*WORK INSTRUCTIONS*:
Print, exactly as they stand, the lines below from the one that has "Att Phone Box" to the one that has "Geek Or Nerd", inclusive, leaving out the pictures.

*INFORMATION SHOWN*:

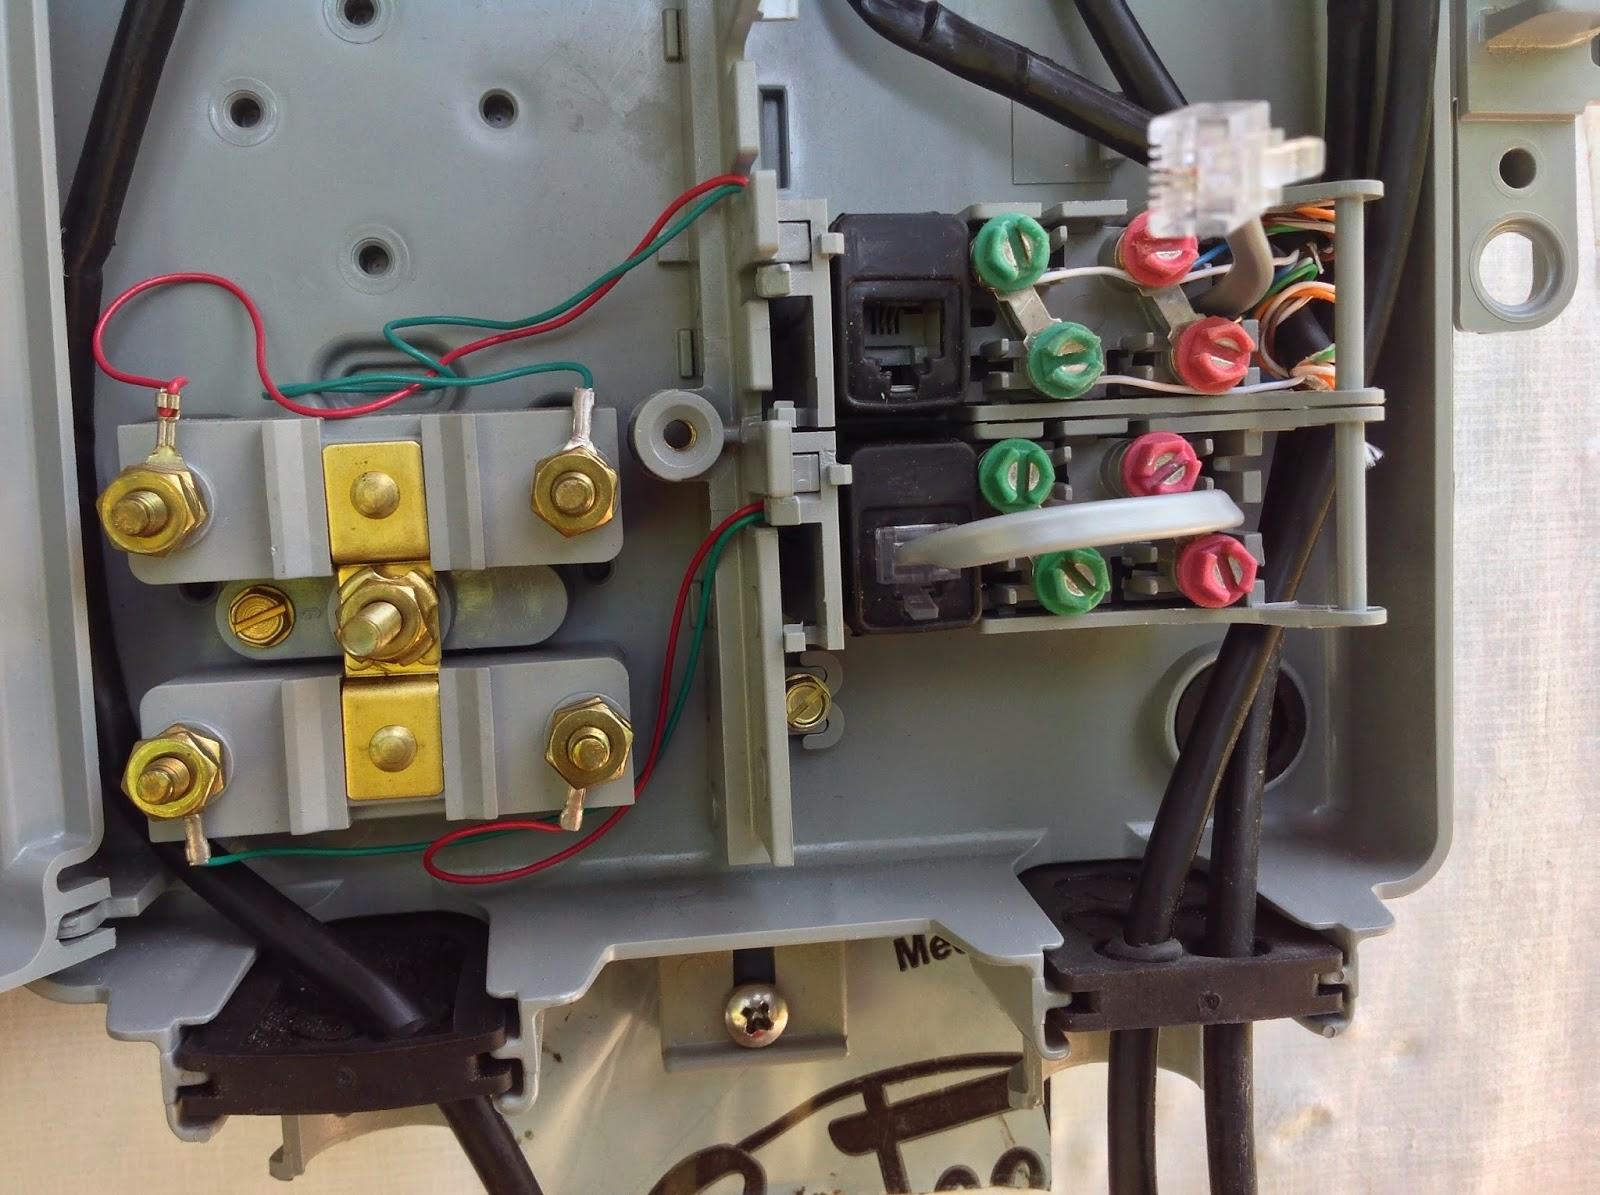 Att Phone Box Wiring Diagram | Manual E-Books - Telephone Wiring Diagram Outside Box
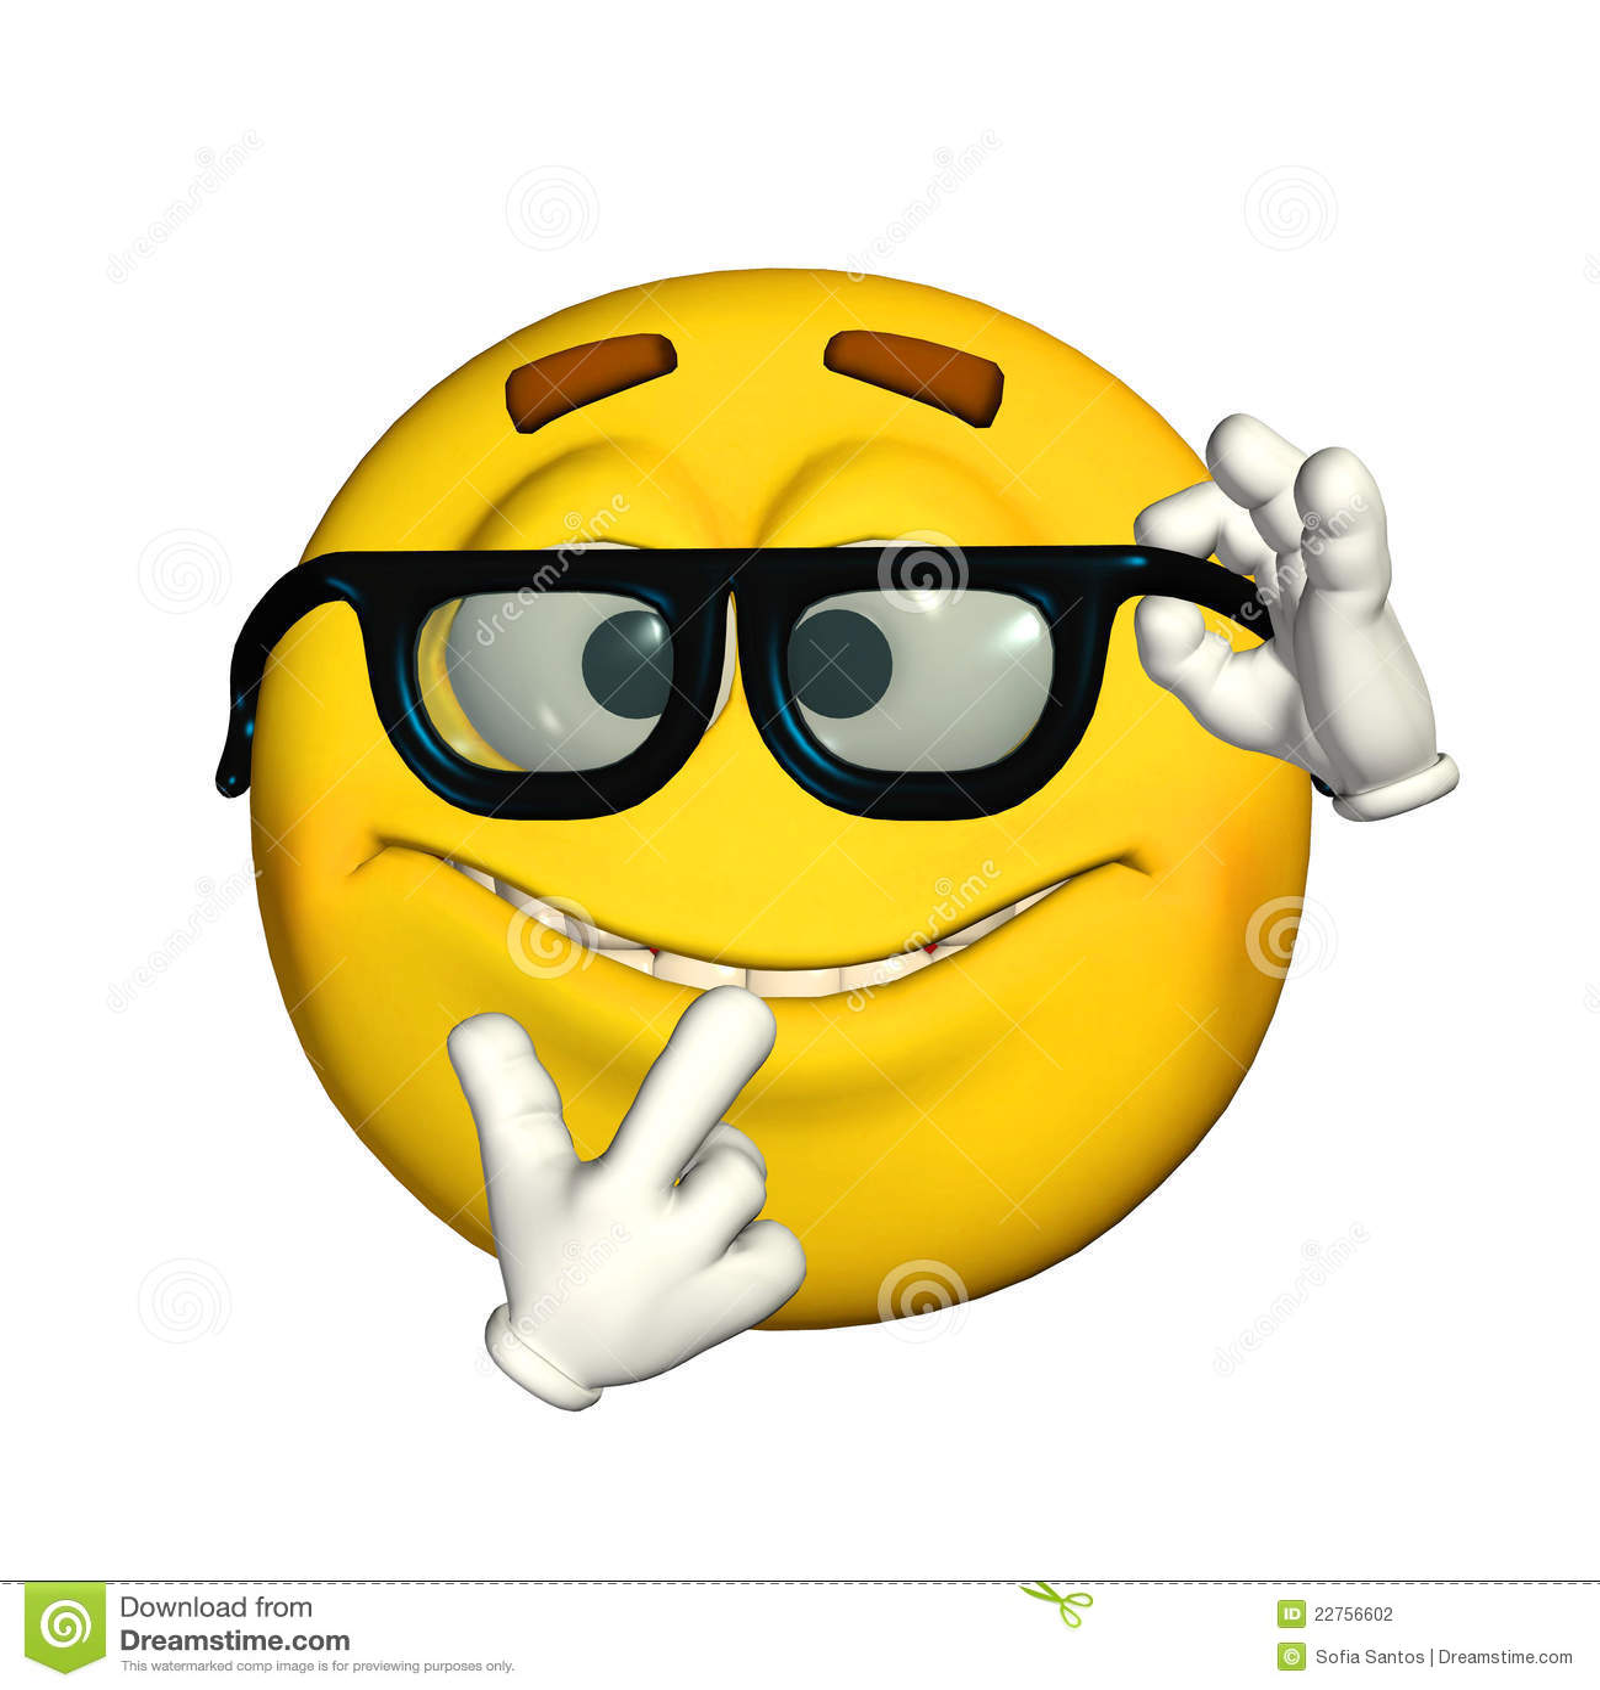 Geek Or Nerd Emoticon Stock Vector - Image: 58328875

--

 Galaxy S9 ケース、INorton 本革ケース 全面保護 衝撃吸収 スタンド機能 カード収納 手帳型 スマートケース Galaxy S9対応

*TASK OUTPUT*:
 Att Phone Box Wiring Diagram | Manual E-Books - Telephone Wiring Diagram Outside Box
 Geek Or Nerd Emoticon Stock Vector - Image: 58328875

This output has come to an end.